* INFORMATION SHOWN
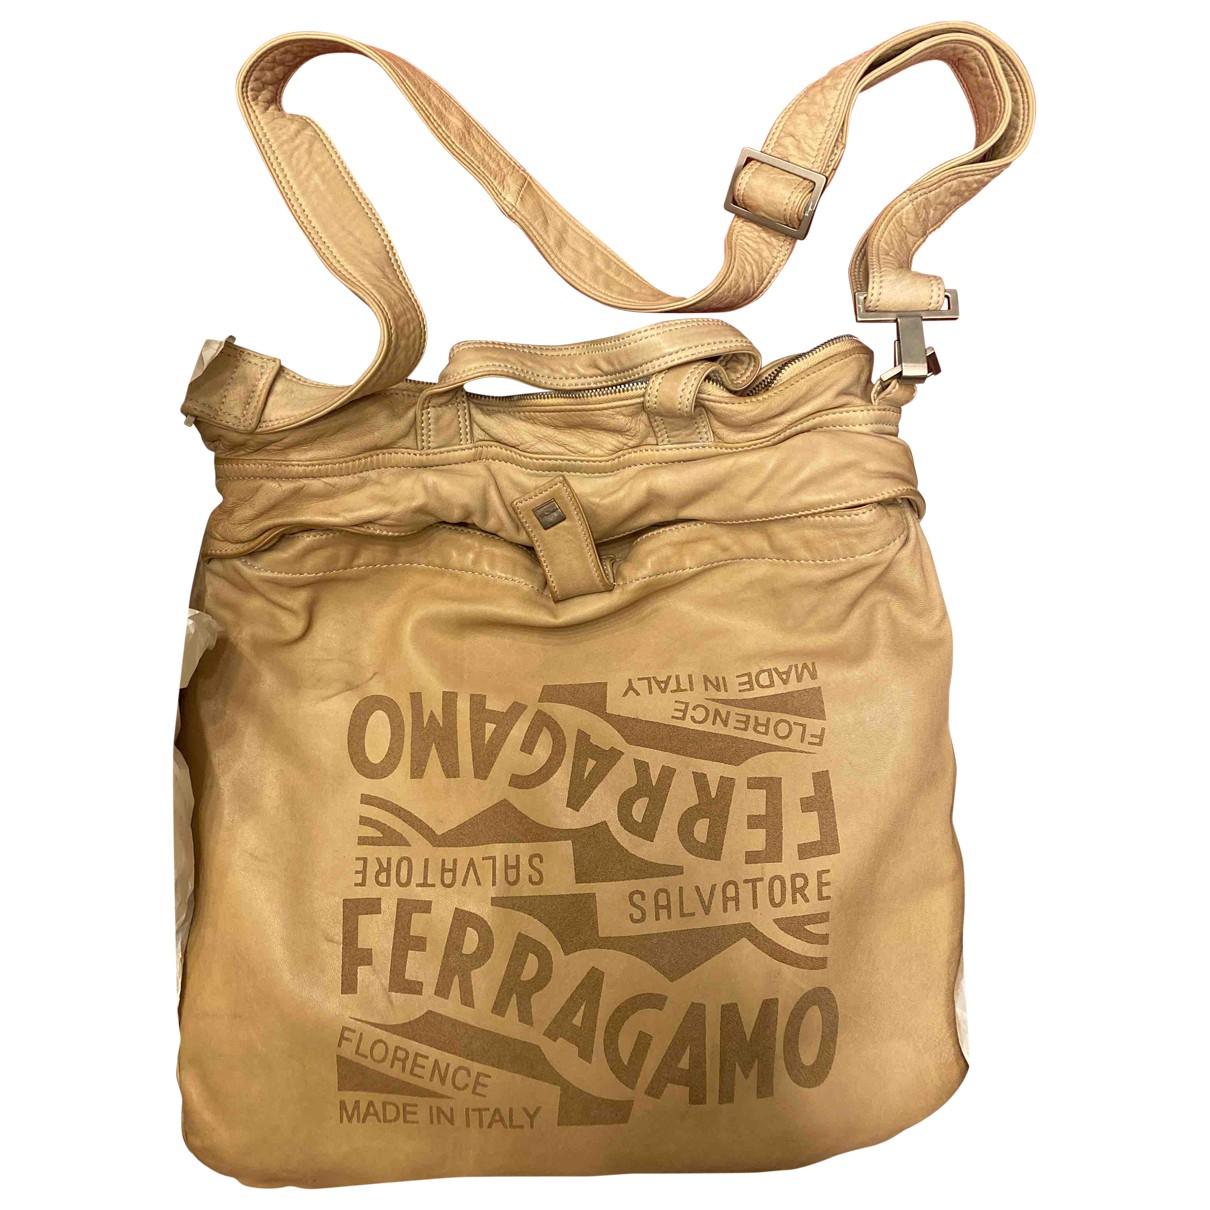 Salvatore Ferragamo - Sac a main   pour femme en cuir - kaki
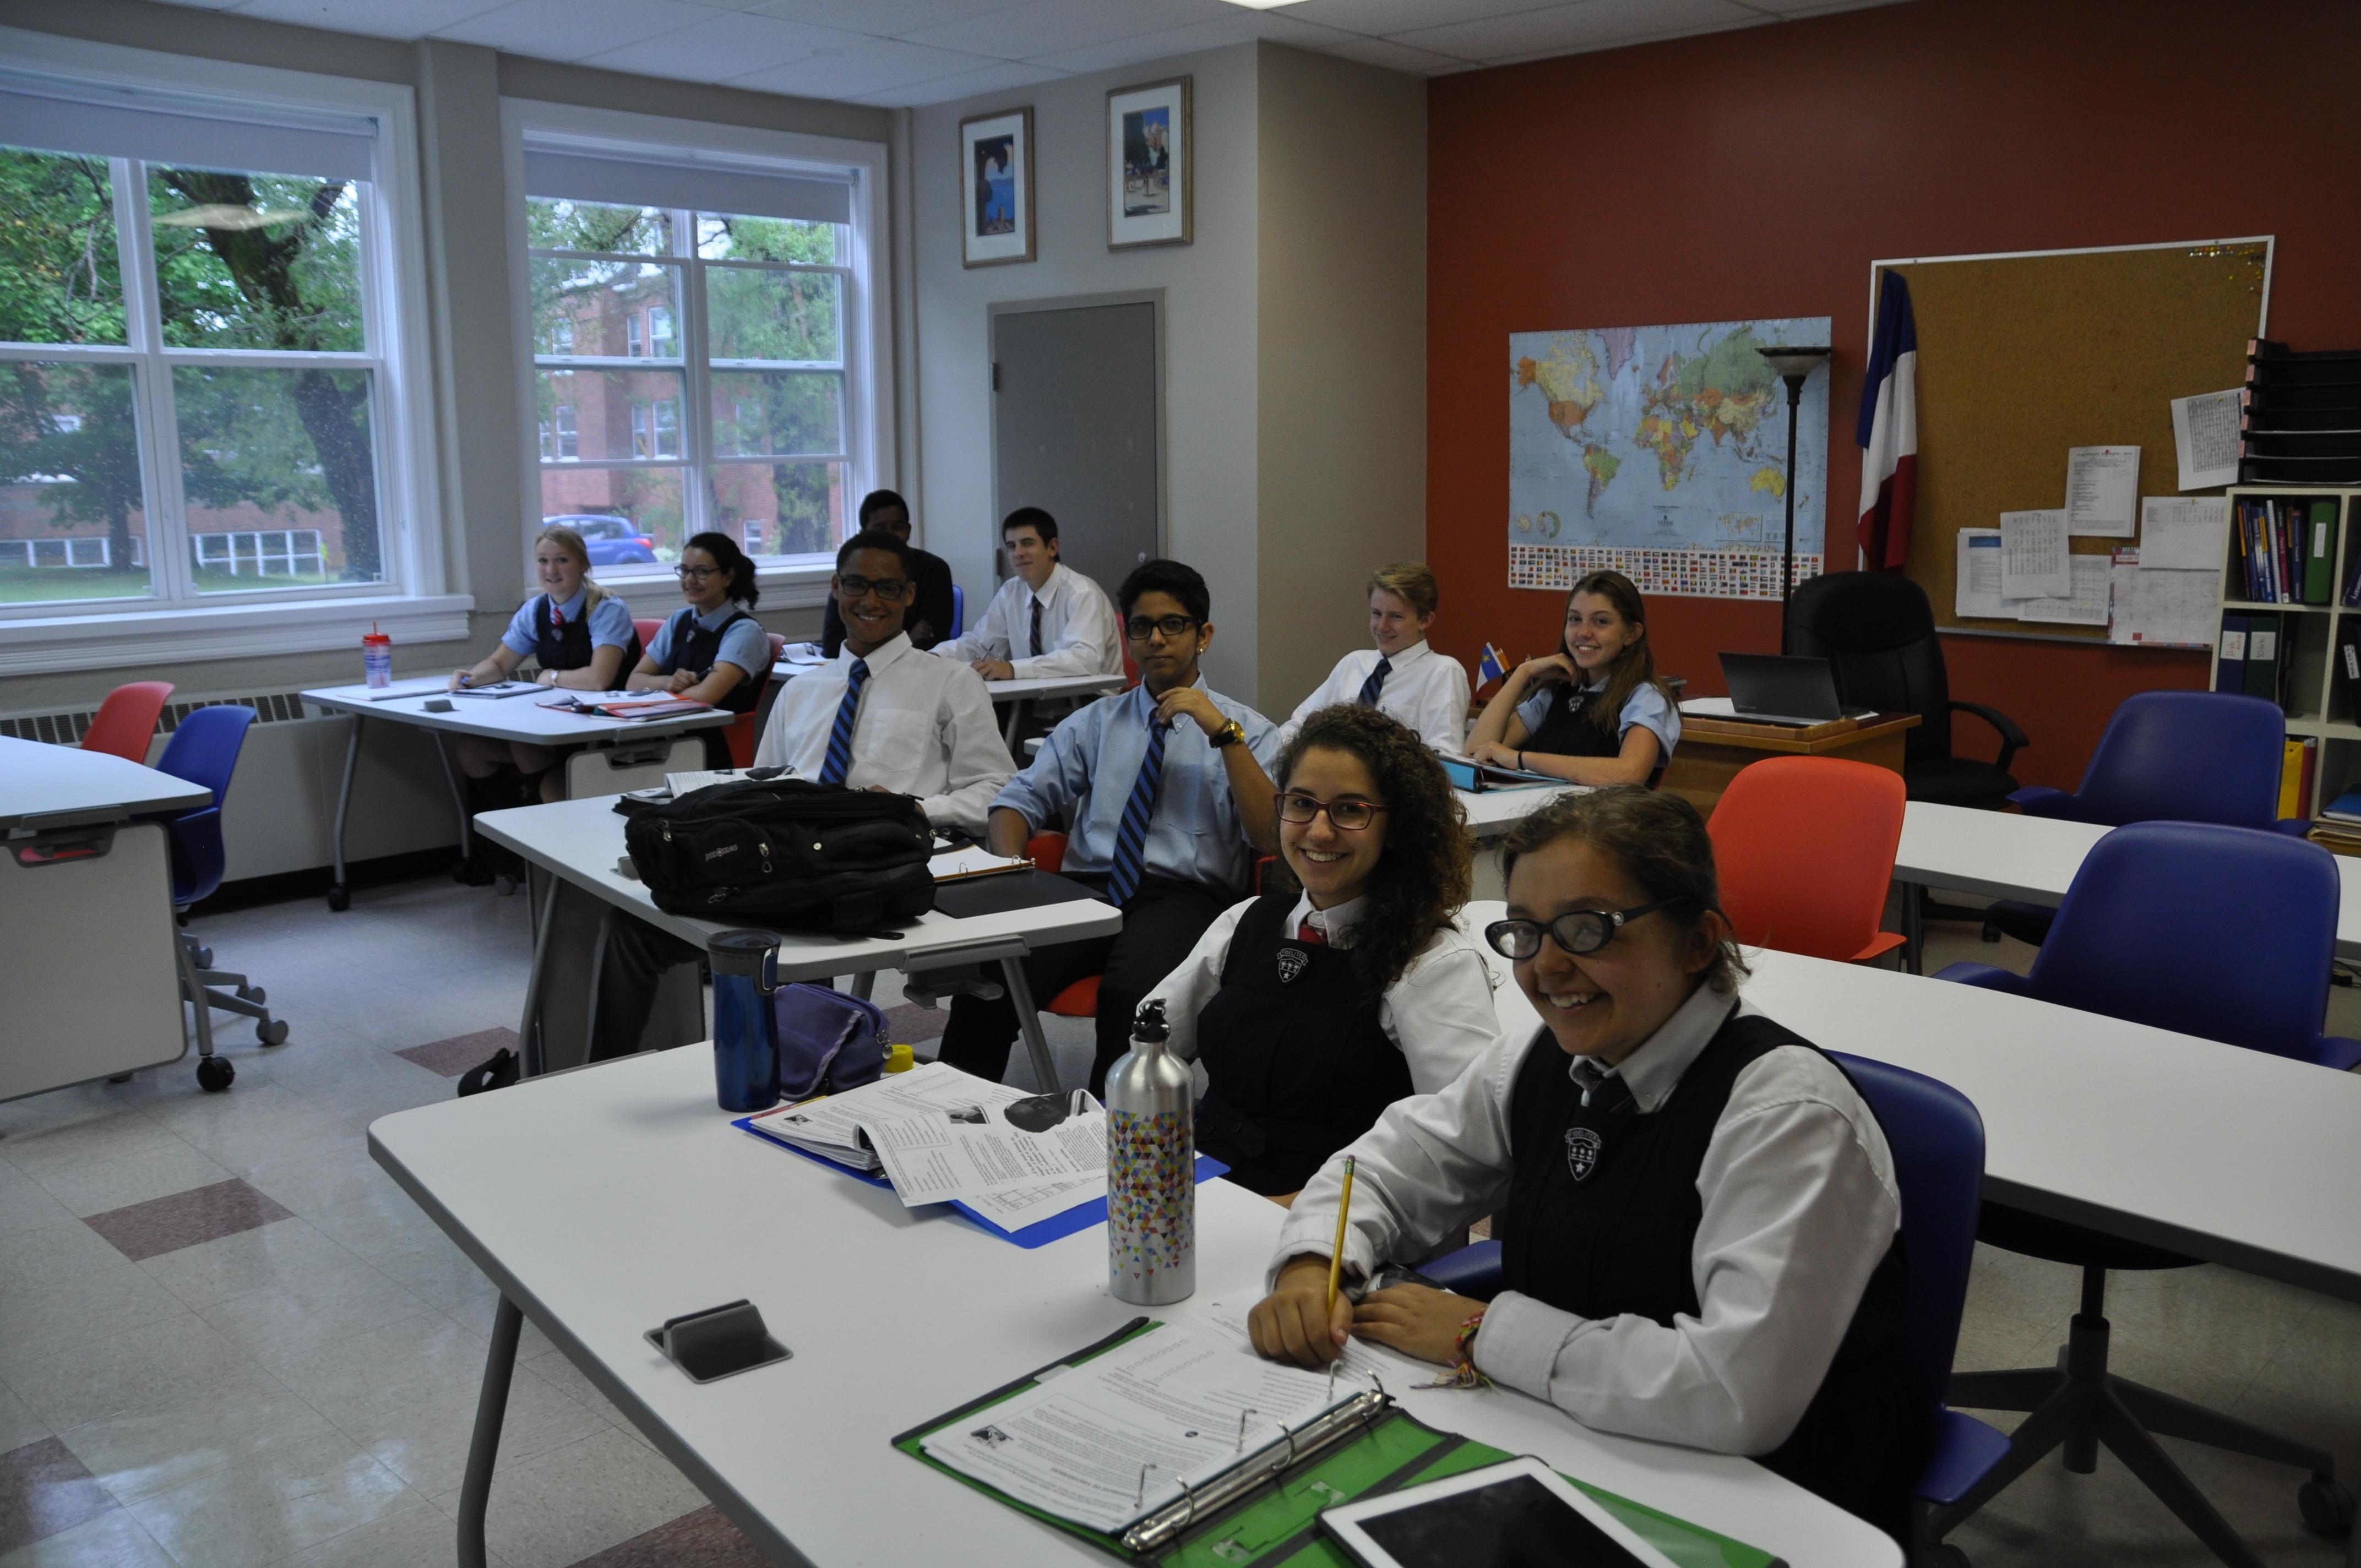 classrooms_4.jpg
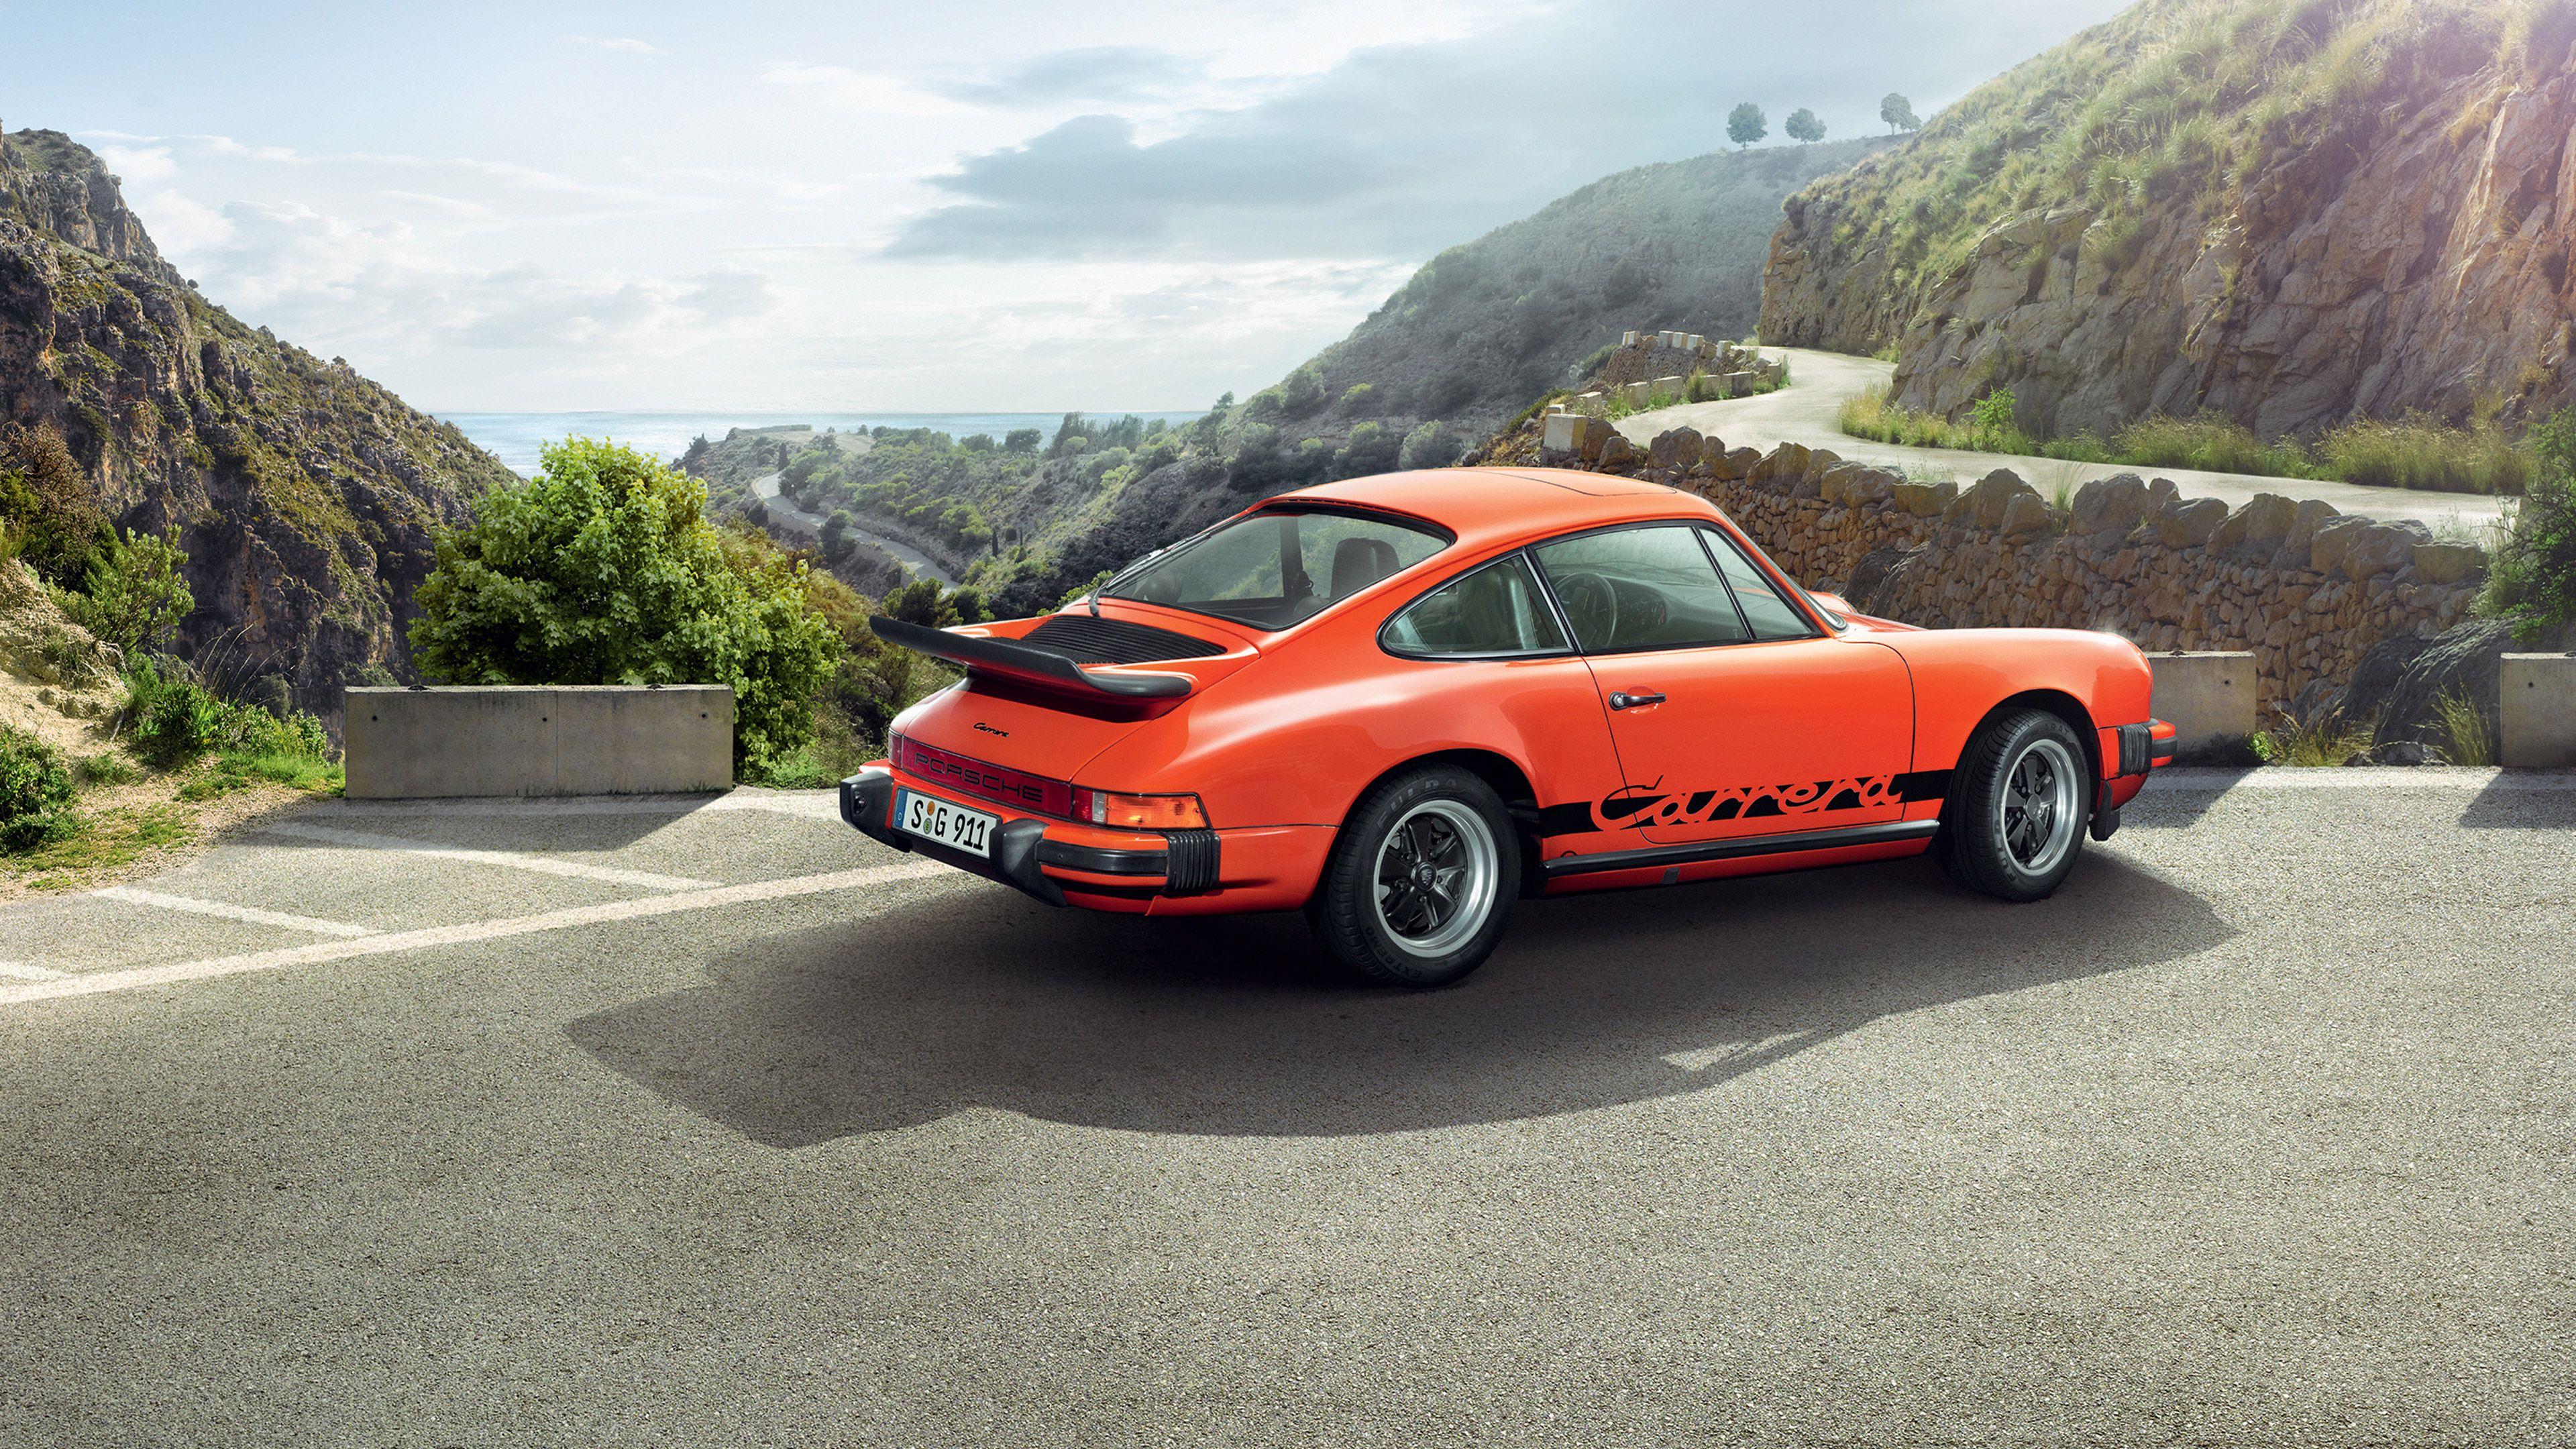 Porsche 911 Carrera Hd Porsche Wallpapers Porsche 911 Wallpapers Cars Wallpapers Classic Porsche Porsche 911 Carrera Porsche 911

* WHAT TO DO
Write out again, word for word, the lines from the one holding "classrooms_4.jpg" through the final line of the listing, including both ends but no pictures.

* TASK RESPONSE
 classrooms_4.jpg
 Porsche 911 Carrera Hd Porsche Wallpapers Porsche 911 Wallpapers Cars Wallpapers Classic Porsche Porsche 911 Carrera Porsche 911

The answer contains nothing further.